In addition to our society becoming more sexualized, the internet has greatly contributed to the availability of pornography. Both these factors have led to a dramatic increase in pornography addiction. Online pornography is so pervasive that porn sites often appear on computers unsolicited.
In itself, looking at pornography only becomes dysfunctional and addictive when one is compelled to seek it out and then, once the search has begun, is unable to stop. Long unsatisfying hours may go by unnoticed as frustration builds and more time is lost. The object of porn addiction is not necessarily sex itself but rather images of sexual perfection, a perfection that becomes increasingly unattainable as the search progresses. Even with orgasm, the obsessive hunt may continue with satisfaction elusive.
The negative consequences of pornography addiction are insidious and harm one’s capacity for intimacy – particularly when the addiction is played out while the addict is in an intimate relationship. Since pornography deals in fantasy, sexual relationships with real people become dissatisfying. Compulsive pornography viewing desensitizes one’s lust and desire for the sexual partners in one’s life and, hence, leads to the need for more pornography to satisfy sexual desire.
Pornography addiction, much like sex addiction, ruptures one’s intimate relationships. In addition to negatively affecting the sexual desire for one’s partner, the addiction alienates the partner and causes painful feelings of rejection, insecurity, and jealousy. Relationships break down and recriminations abound.

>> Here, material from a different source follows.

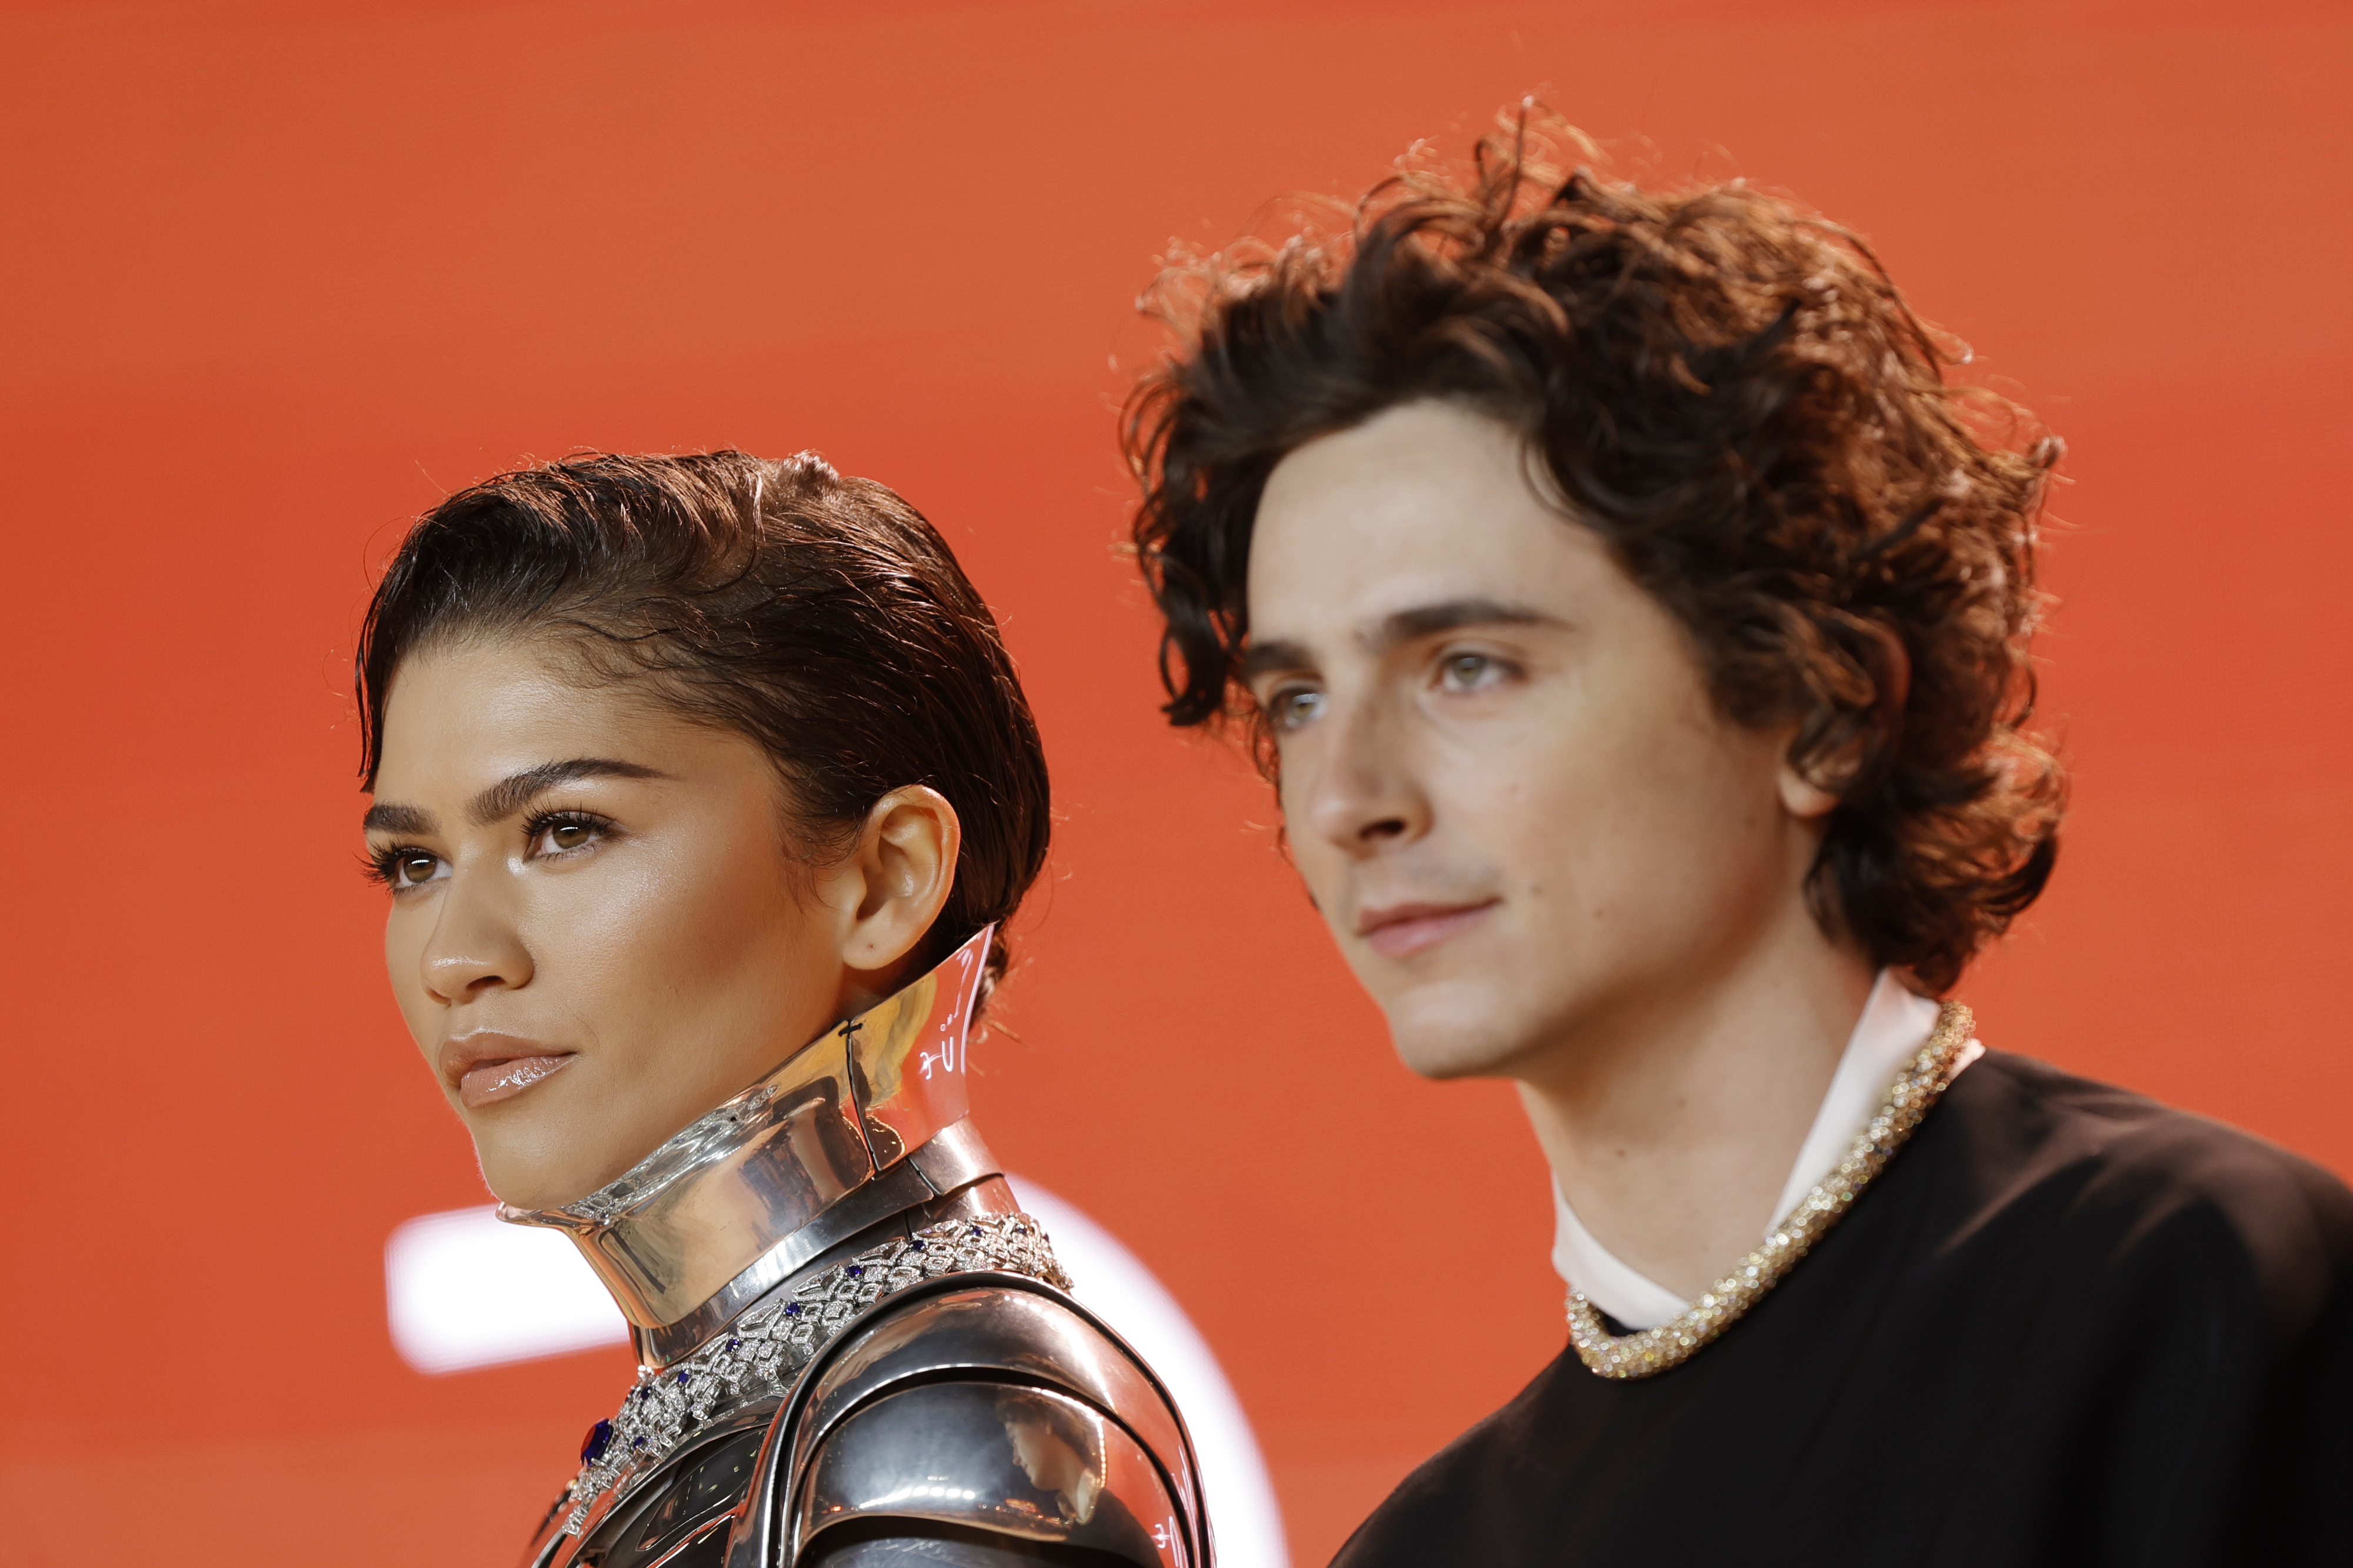 Zendaya in a metallic outfit and Timothée Chalamet in a black suit pose side by side

It is vital when dealing with porn addiction to understand that the addiction is not about the partner or about sex. Rather it is a way for the addict to self-medicate unwanted feelings of intolerable pain. While porn addiction is often considered a weakness, the addictive behavior is an uncontrollable disease. A pornography addict needs to avoid even a casual look as this can initiate the addictive behavior.

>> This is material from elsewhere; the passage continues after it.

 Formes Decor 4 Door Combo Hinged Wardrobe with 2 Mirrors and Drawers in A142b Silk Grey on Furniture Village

It is also of primary importance not to demonize pornography or the compulsion to look at it, but rather to recognize that the addiction is beyond the person’s control. Outside support – from the partner, recovery groups, and counseling – is the key to dealing with addictive behavior. Given the difficulty for the partner to understand and not personalize pornography addiction, patience and understanding, for both the addict and the partner, are necessary to support the hard work that recovery will entail. Since addiction results in deception, secrecy and shame, an enormous amount of support is vital to help the person deal honestly with his or her compulsive behavior.